The Future We Want
Jeffrey Yang
is transparent: a change in historical
structure away from repetition and inevitability to
renewal: for the weight of the alps on our brain
to lift like a cloud and dissipate: gone the lobbyists, power
divides from debt, ahead the garden where children play and grow
a dialectic of subsistence making time time: “the future we want”

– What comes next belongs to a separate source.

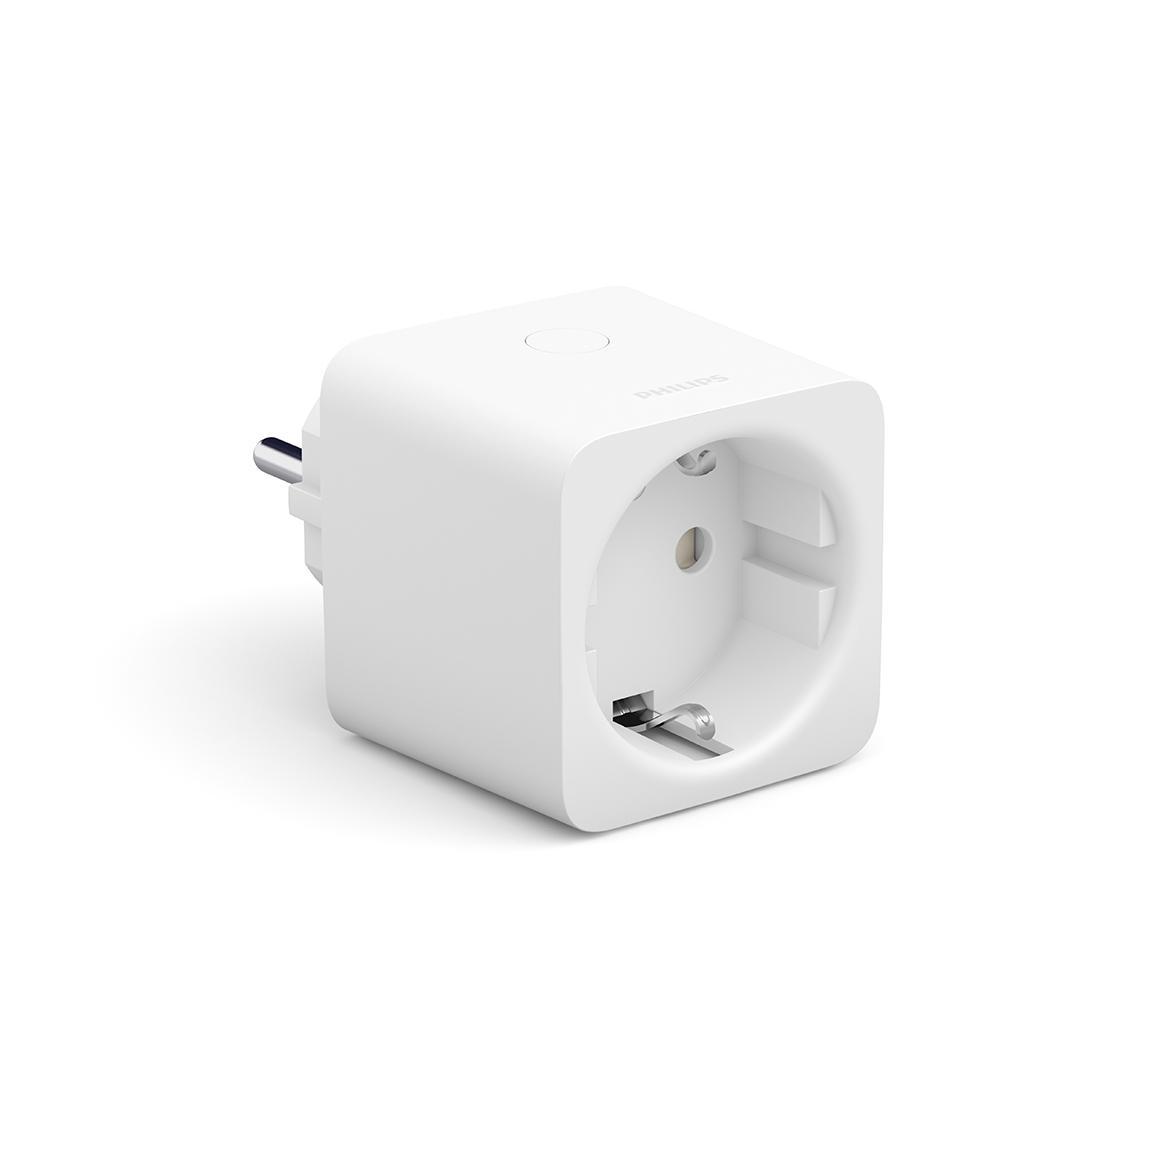 Philips Hue Smart Plug - Smarte Steckdose - Weiß

is transparent: the regeneration of our minds and lives in the real:
the simplicity of clean air clean water, the rivers purer and undammed, the land
tended with care, food free of agrochemicals and hormones, free of spliced
genes, the ideal is clear: no more industrial pollution, no more military-defense industry:
we’ve had enough refugee tragedy to allow us the present
embraced, more satyagraha less duragraha breeds less bitterness: “the future we want”
is transparent: the greening of the mind
in energy, energy our eternal delight: no offshore drilling, no hydraulic fracturing, no
mountaintop mining, to make nuclear power as safe as a windmill
and decrease our consumption-need in our search for alternatives, what
doesn’t melt the ice sheets and devastate forest biodiversity, what preserves
ecosystems and indigenous lifeways, “the future we want”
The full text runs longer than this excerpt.